Andrew Griffith received his MD and PhD in Molecular Biophysics and Biochemistry from Yale University in 1992. He completed his general surgery internship and a residency in Otolaryngology-Head and Neck Surgery at the University of Michigan in 1998. He also completed a postdoctoral research fellowship in the Department of Human Genetics as part of his training at the University of Michigan. In 1998, he joined the Division of Intramural Research (DIR) in the National Institute on Deafness and Other Communication Disorders (NIDCD). He served as a senior investigator, the chief of the Molecular Biology and Genetics Section, the chief of the Otolaryngology Branch, and the director of the DIR, as well as the deputy director for Intramural Clinical Research across the NIH Intramural Research Program. His research program identifies and characterizes molecular and cellular mechanisms of normal and disordered hearing and balance in humans and mouse models. Two primary interests of his program have been hearing loss associated with enlargement of the vestibular aqueduct, and the function of TMC genes and proteins. The latter work lead to the discovery that the deafness gene product TMC1 is a component of the hair cell sensory transduction channel. Since July of 2020, he has served as the Senior Associate Dean of Research and a Professor of Otolaryngology and Physiology in the College of Medicine at the University of Tennessee Health Science Center.
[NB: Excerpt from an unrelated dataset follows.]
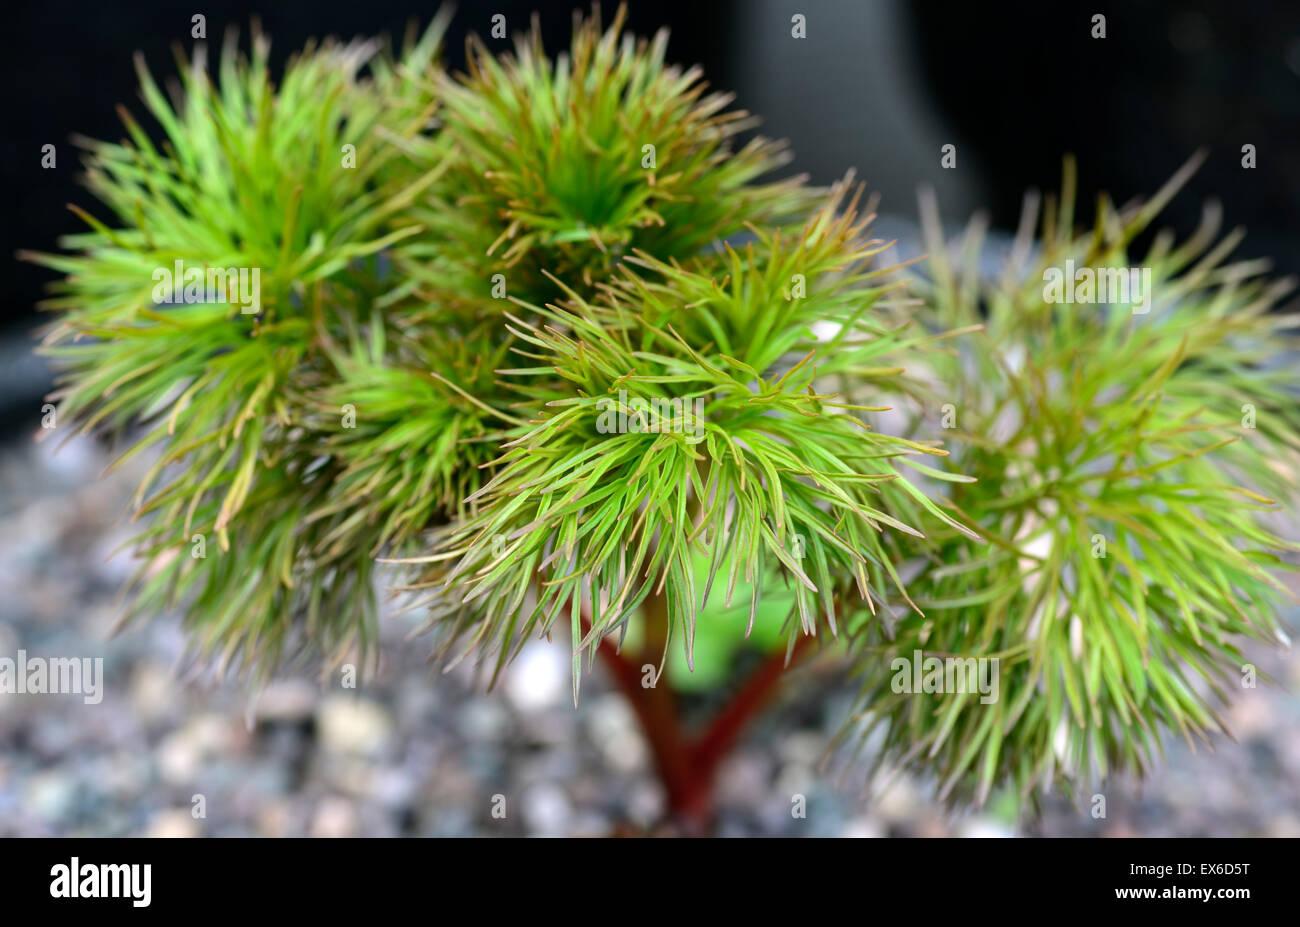 Paeonia tenuifolia feuilles finement dentelées pivoines atypique coupe peonys Floral RM Banque D'Images

Gwenaëlle S. G. Géléoc obtained a PhD in Sensory Neurobiology from the University of Sciences in Montpellier (France) in 1996. She performed part of her PhD training at the University of Sussex, UK where she characterized sensory transduction in vestibular hair cells and a performed a comparative study between vestibular and cochlear hair cells. Gwenaelle continued her training as an electrophysiologist at University College London studying outer hair cell motility and at Harvard Medical School studying modulation of mechanotransduction in vestibular hair cells. As an independent investigator at the University of Virginia, she expanded this work and characterized the developmental acquisition of sensory transduction in mouse vestibular hair cells, the developmental acquisition of voltage-sensitive conductances in vestibular hair cells and the tonotopic gradient in the acquisition of sensory transduction in the mouse cochlea. This work along with quantitative spatio-temporal studies performed on several hair cell mechanotransduction candidates lead her to TMC1 and 2 and long-term collaborations with Andrew Griffith and Jeff Holt. Dr. Géléoc is currently Assistant Professor of Otolaryngology, at Boston Children’s Hospital where she continues to study molecular players involved in the development and function of hair cells of the inner ear and develops new therapies for the treatment of deafness and balance, with a particular focus on Usher syndrome.

Jeff Holt earned a doctorate from the Department of Physiology at the University of Rochester in 1995 for his studies of inward rectifier potassium channels in saccular hair cells.  He went on to a post-doctoral position in the Neurobiology Department at Harvard Medical School and the Howard Hughes Medical Institute, where he characterized sensory transduction and adaptation in hair cells and developed a viral vector system to transfect cultured hair cells.  Dr. Holt’s first faculty position was in the Neuroscience Department at the University of Virginia.  In 2011 the lab moved to Boston Children’s Hospital / Harvard Medical School.  Dr. Holt is currently a Professor in the Departments of Otolaryngology and Neurology in the F.M. Kirby Neurobiology Center.  Dr. Holt and his team have been studying sensory transduction in auditory and vestibular hair cells over the past 20 years, with particular focus on TMC1 and TMC2 over the past 12 years.  This work lead to the discovery that TMC1 forms the hair cell transduction channel.  His work also focuses on development gene therapy strategies for genetic hearing loss.